Choose wisely, because throughout the afternoon plate after plate of food will
be brought to your table, accompanied by more wine (the wine list gives you the
choice of red, white or beer) than you believed could possibly exist in one
place. The food itself is like everything else in this part of the world:
unpretentious and vivacious. The real joy of it all is that the gas you used to
get there and back will probably have cost you more than the meal.
The final leg of my Spanish trip took me to Granada in the south of the country. Famous for the Alhambra palace and the magnificent architecture that sprang up to mirror it, Granada is only a few miles away from the port city of Malaga and just north of Spain’s most popular summer destination, the Costa del Sol. Given it’s location, during the height of summer it’s inundated by daytrippers. Set against the background of the Sierra Nevada national park, this place is set in some of the most dramatic country in Europe; the town itself, not to be outdone by its surroundings, boasts the Alhambra -- Granada’s undeniable centrepiece -- which is without question one of the most glorious building in all of Europe.
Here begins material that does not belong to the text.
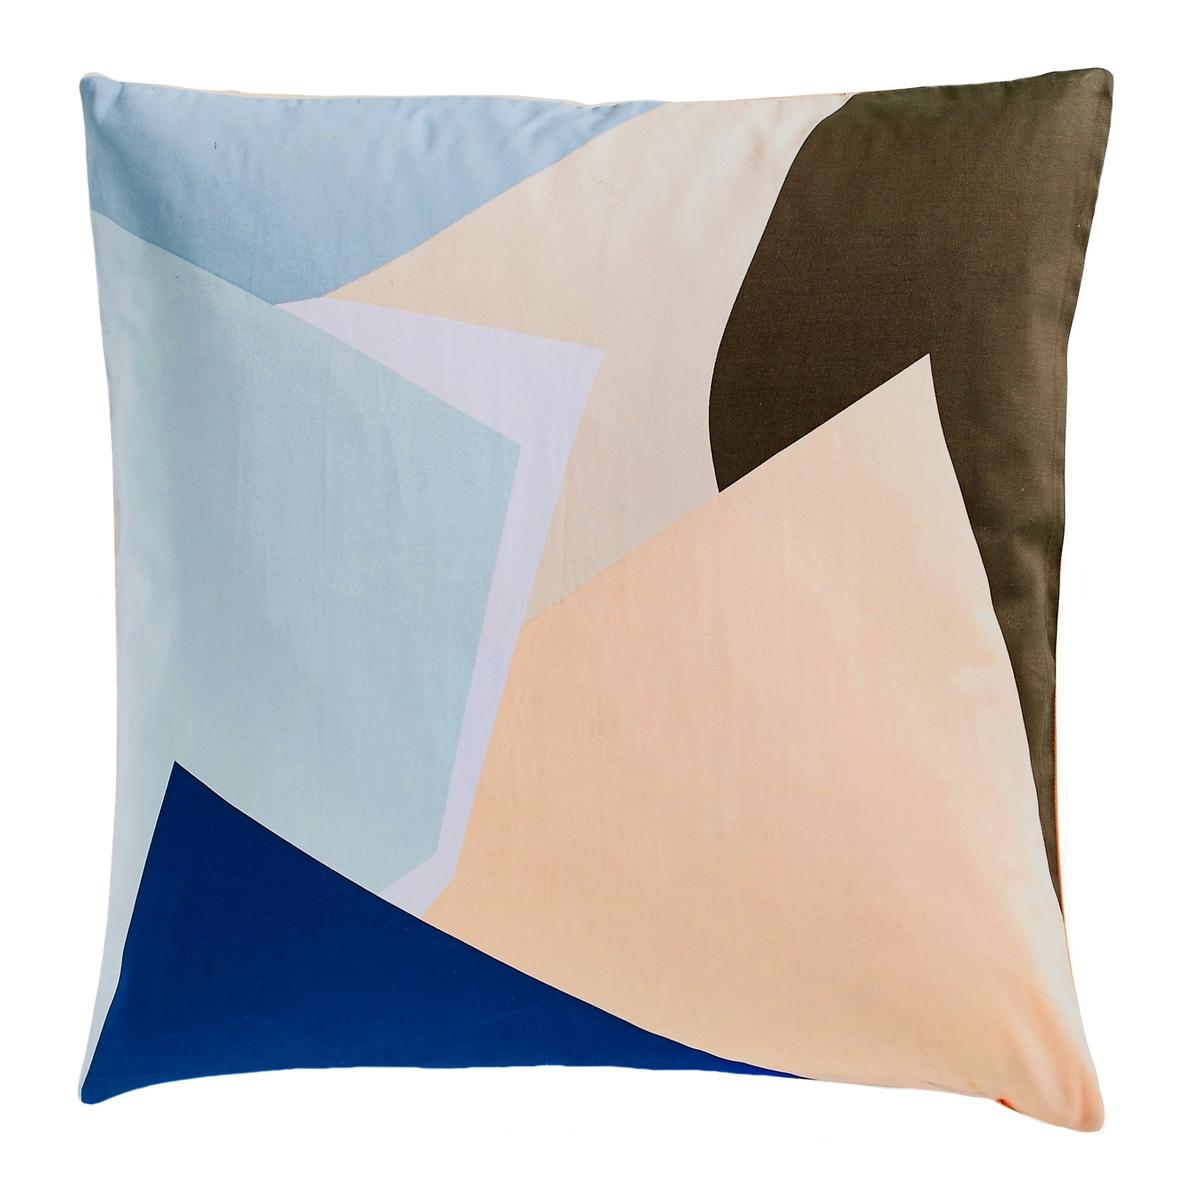 Чехол для подушки квадратный с рисунком, Carlen подушки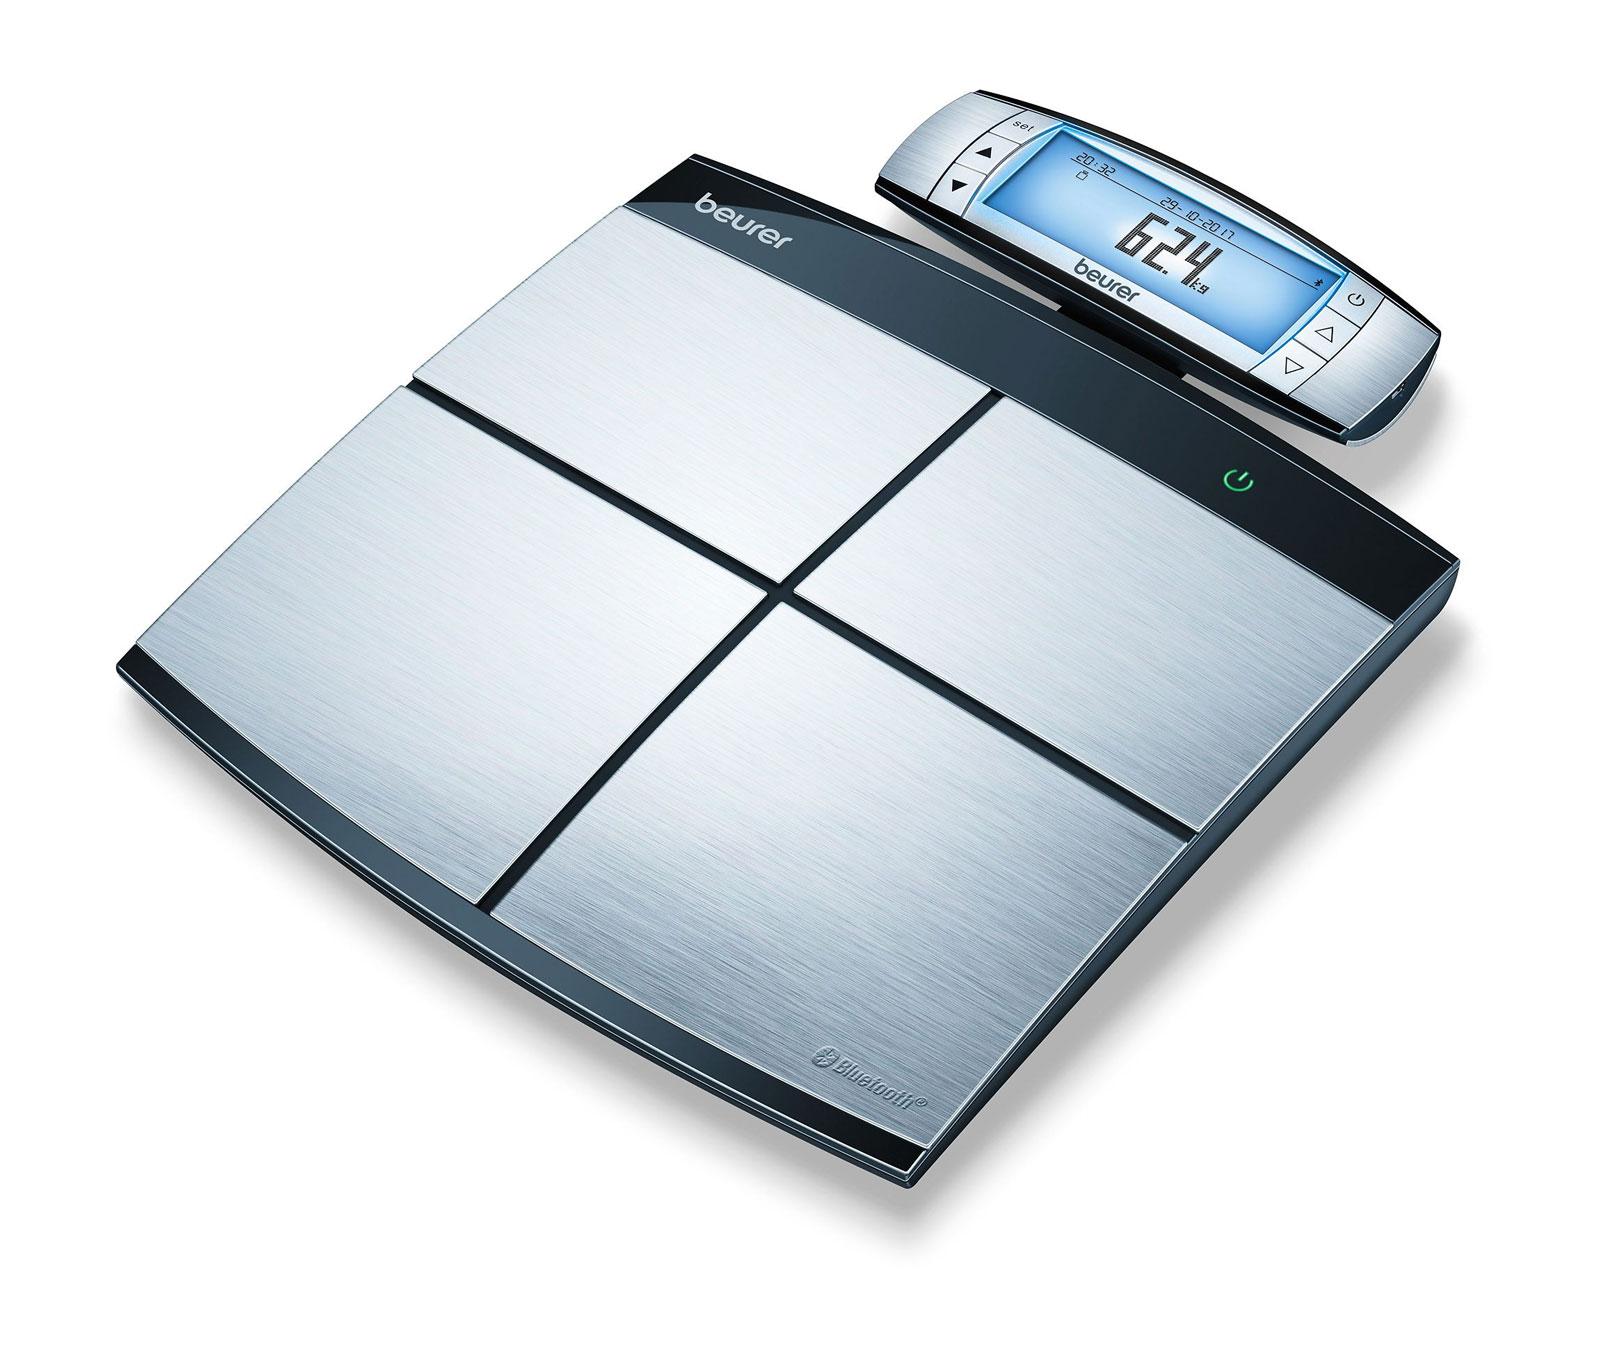 Smarte Waagen ermiiteln den prozentualen Anteil von Fett und Wasser sowie von Muskeln und Knochen.

A Moorish stronghold until the fifteenth century, there is a peculiar collision of styles here: Moorish domes and mosque-like structures mingle with gothic and baroque turrets giving Granada an almost theme-park-like quality.
The many gift shops that can be found around the city do nothing to detract from
the sublime quality of Granada; if Santiago was the pinnacle of Christian
achievement in Spain, then Granada represented the height of the Muslim power
which once ruled much
of this country. There is hardly a row of buildings, line
of pavement or sweeping vista that is not graceful and striking. Even the
municipal buildings are subtly beautiful; even the way in which the different
architectural styles vie with each other for superiority is something special.
As with everywhere else, the food is memorable. Plates of tapas are unavoidable wherever you go. Even in the oppressive heat of southern Spain (Granada is barely two hundred miles from north Africa), eating and drinking is an essential pastime. Thankfully, though, chips are off the menu here.